Content starts

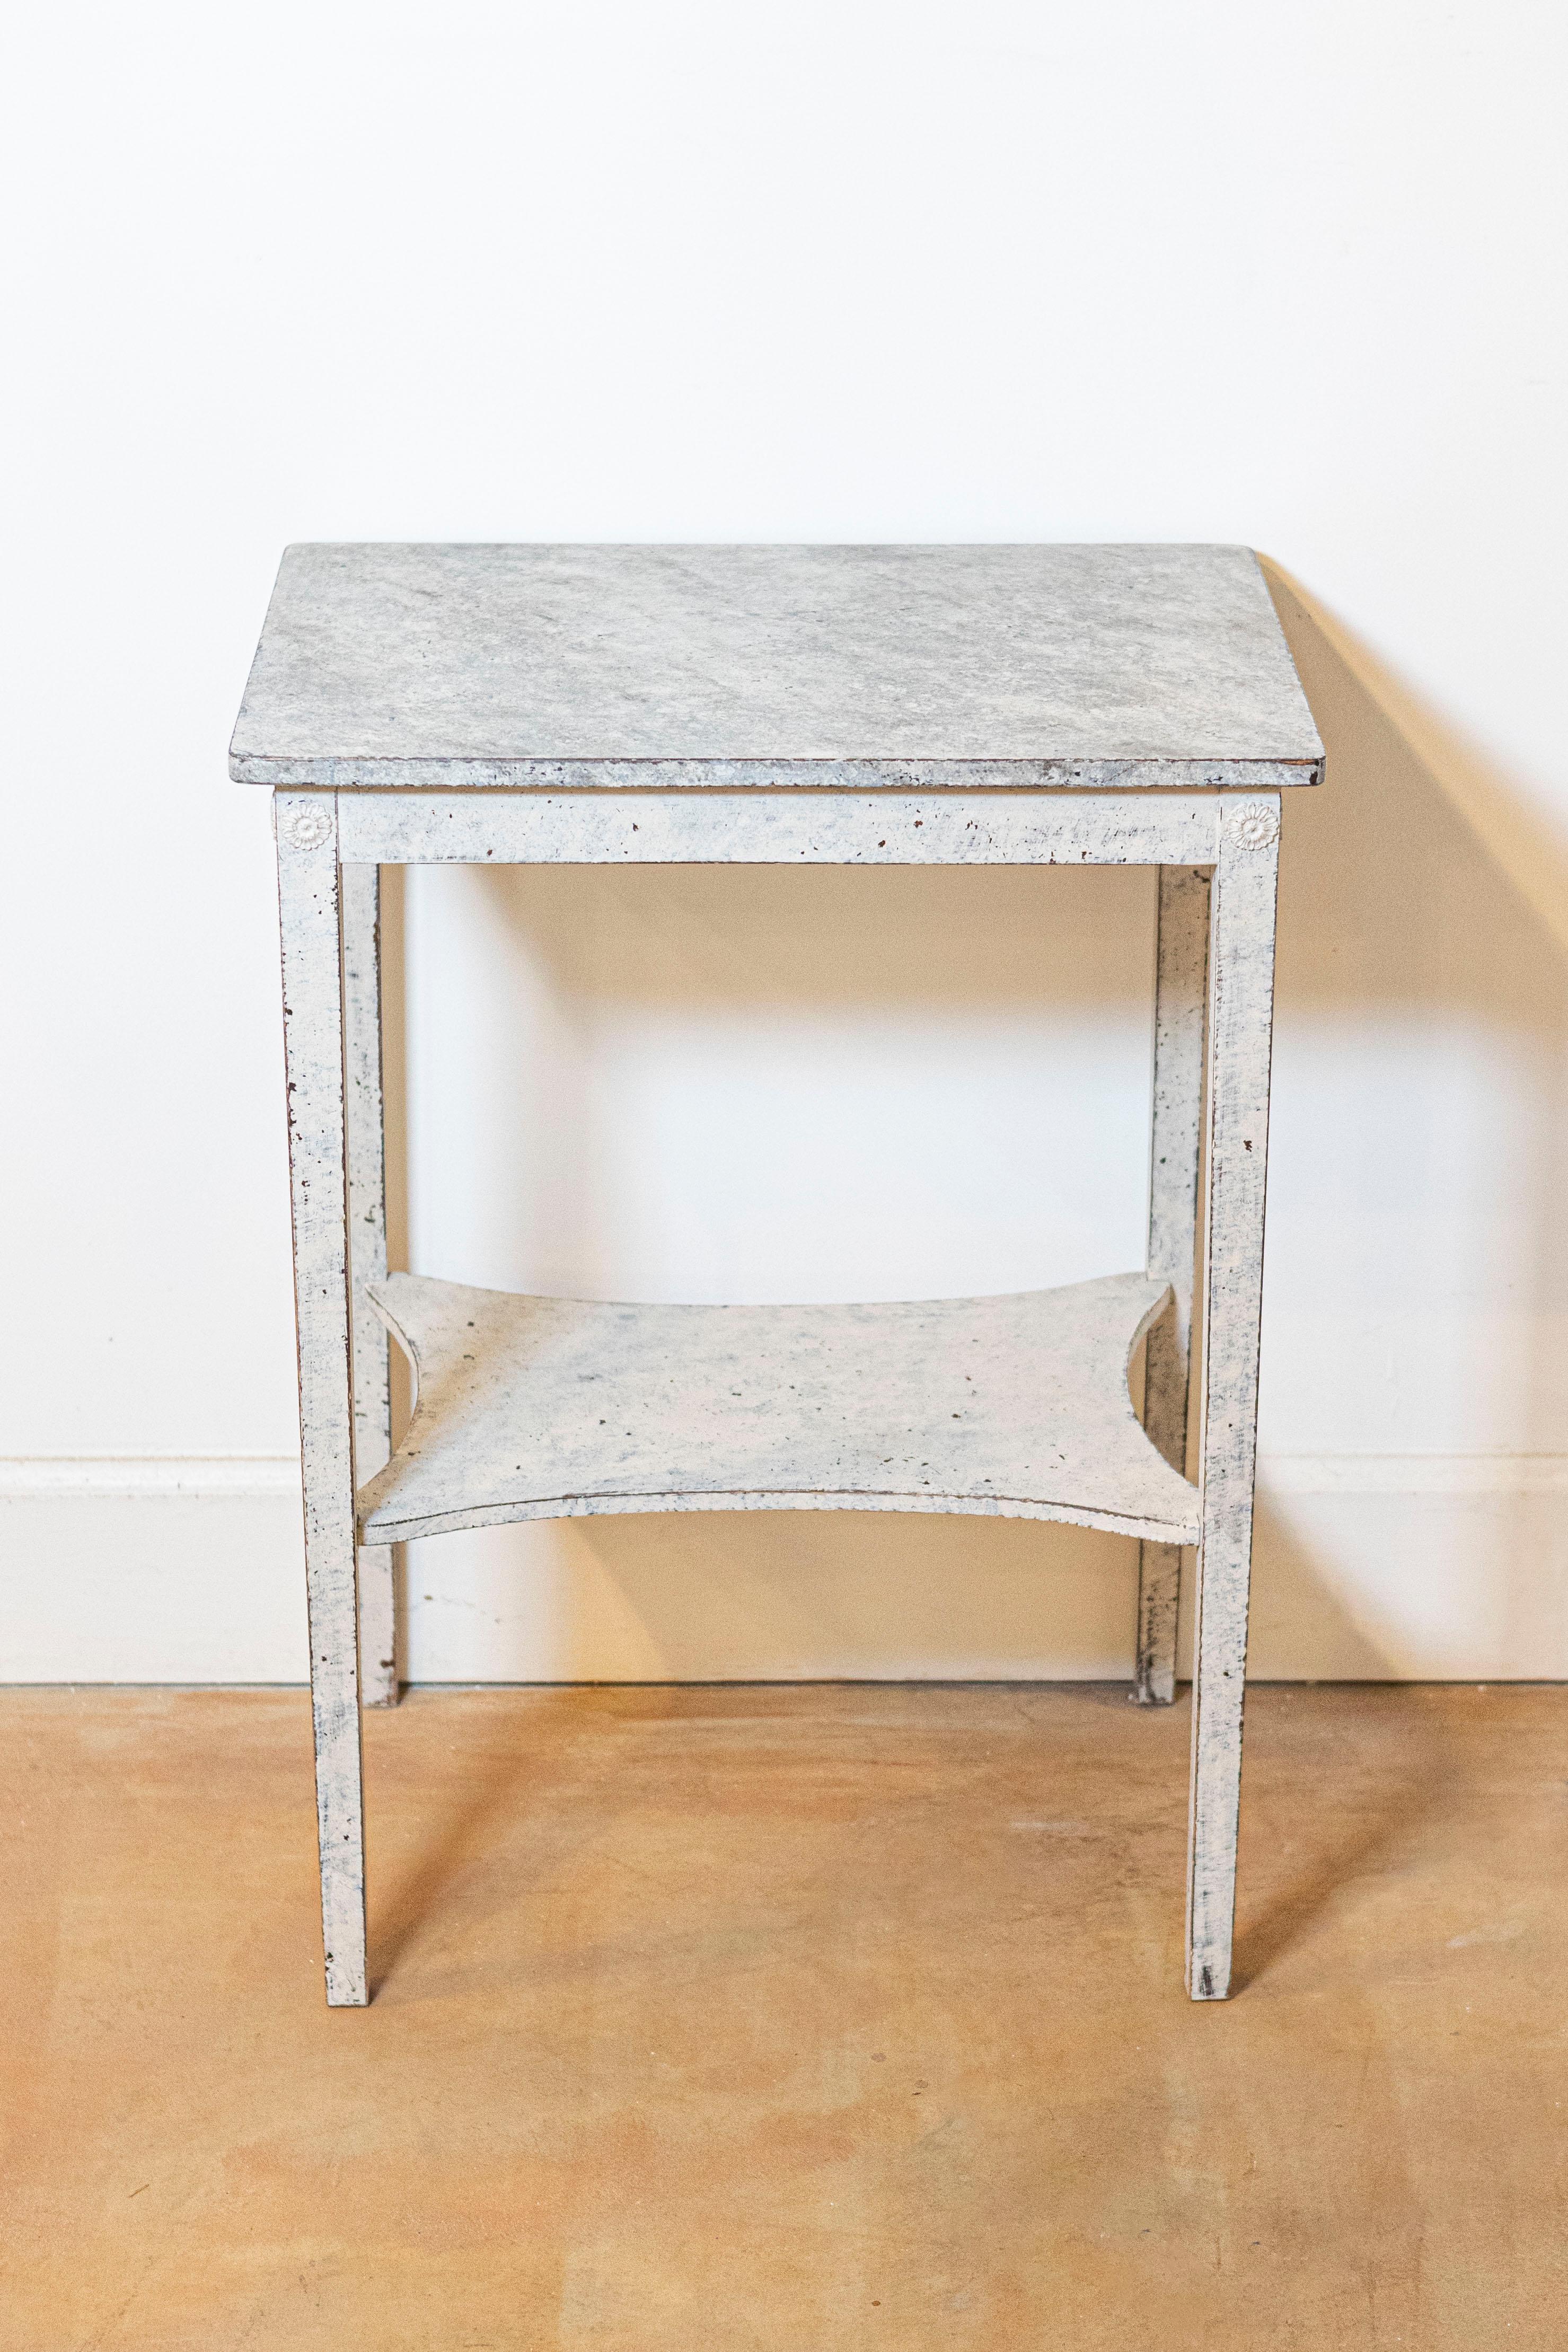 A Swedish painted side table from the 19th century, with marbleized top and in-curving low shelf. Created in Sweden during the 19th century, this painted side table features a rectangular faux marble top sitting above four straight legs adorned with
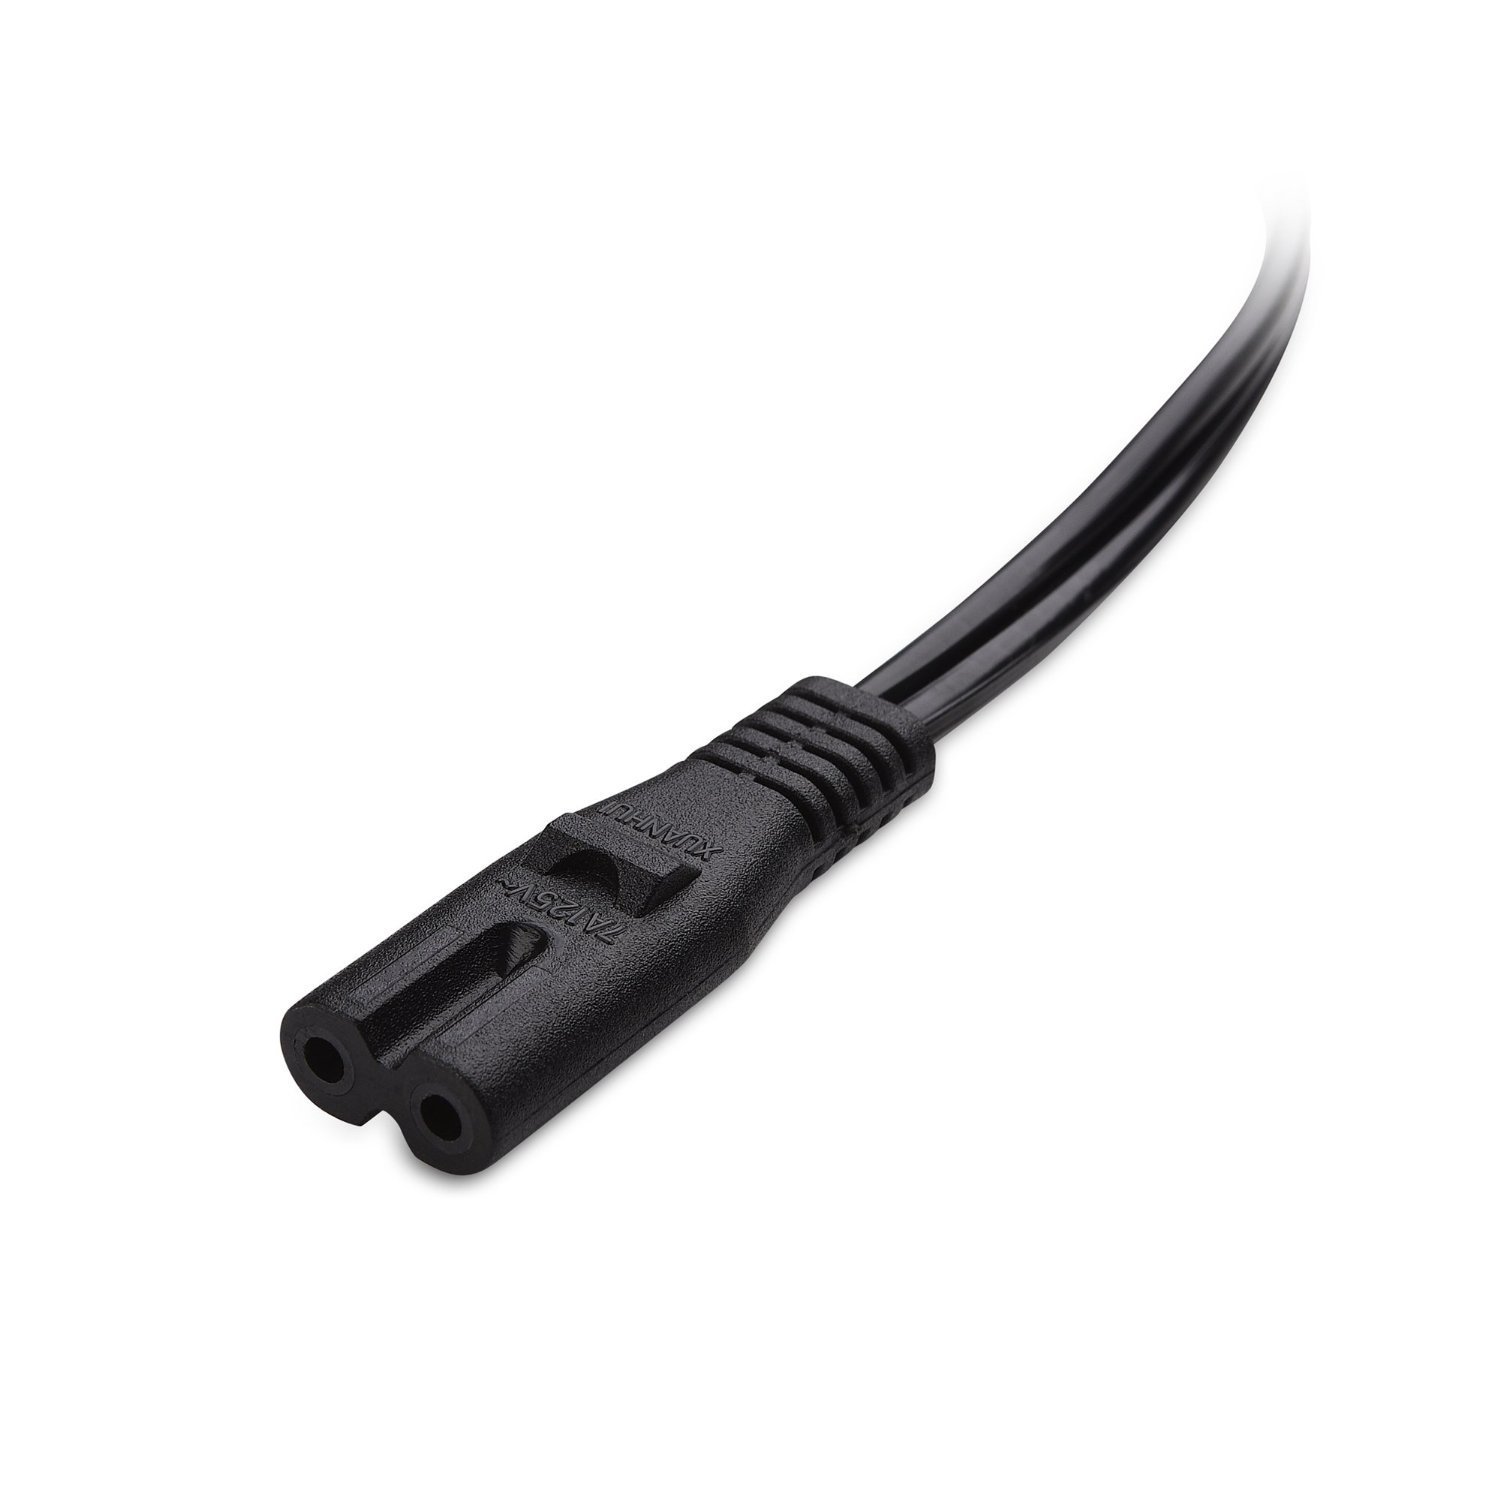 OMNIHIL AC Power Cord for Yamaha MusicCast WX-010 Wireless Speaker with Bluetooth (Black) - image 2 of 4
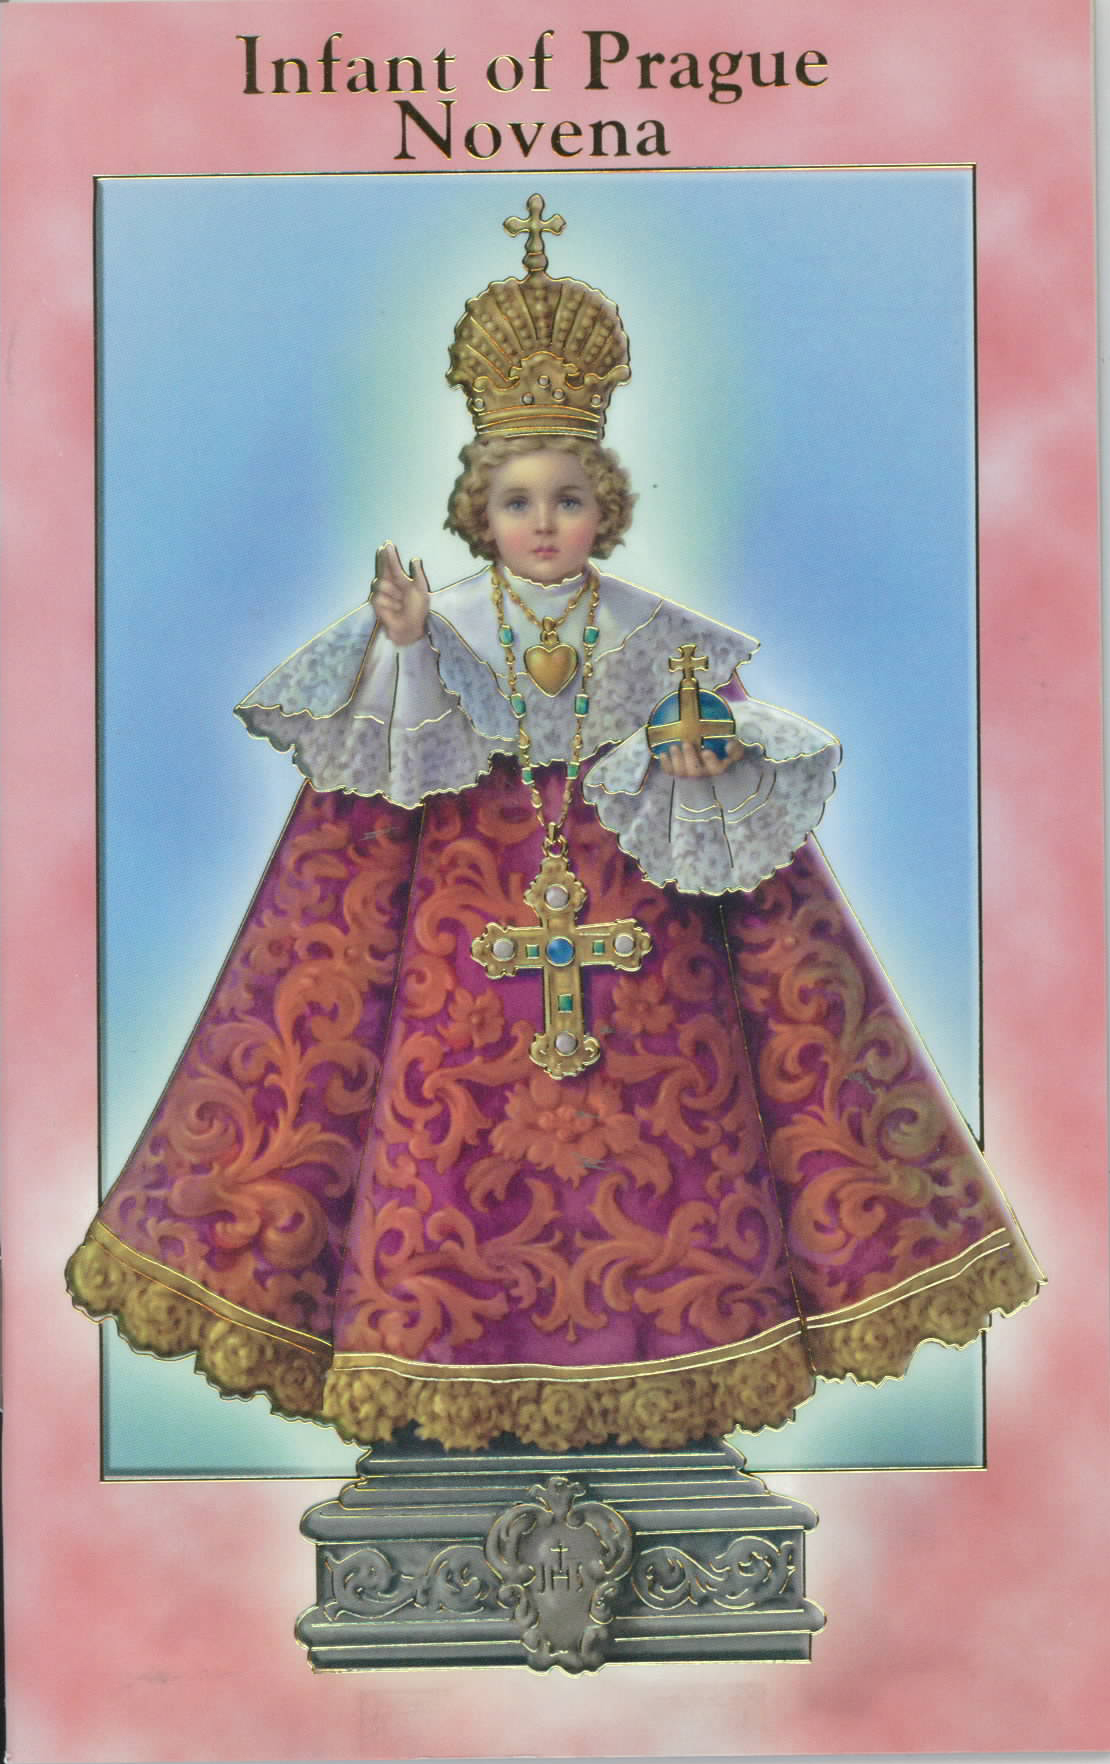 Infant of Prague Novena Prayer Book with Prayers 12-2432-107 is 3.75" x 5-7/8" and beautifully illustrated with 24 pages of Fratelli-Bonella Artwork and original text by Daniel A. Lord, S.J.

Content ends

■ **EXERCISE AIM**: Minus its pictures, the full listing should be copied verbatim.

■ **TASK RESULT**:
 A Swedish painted side table from the 19th century, with marbleized top and in-curving low shelf. Created in Sweden during the 19th century, this painted side table features a rectangular faux marble top sitting above four straight legs adorned with
 OMNIHIL AC Power Cord for Yamaha MusicCast WX-010 Wireless Speaker with Bluetooth (Black) - image 2 of 4
 Infant of Prague Novena Prayer Book with Prayers 12-2432-107 is 3.75" x 5-7/8" and beautifully illustrated with 24 pages of Fratelli-Bonella Artwork and original text by Daniel A. Lord, S.J.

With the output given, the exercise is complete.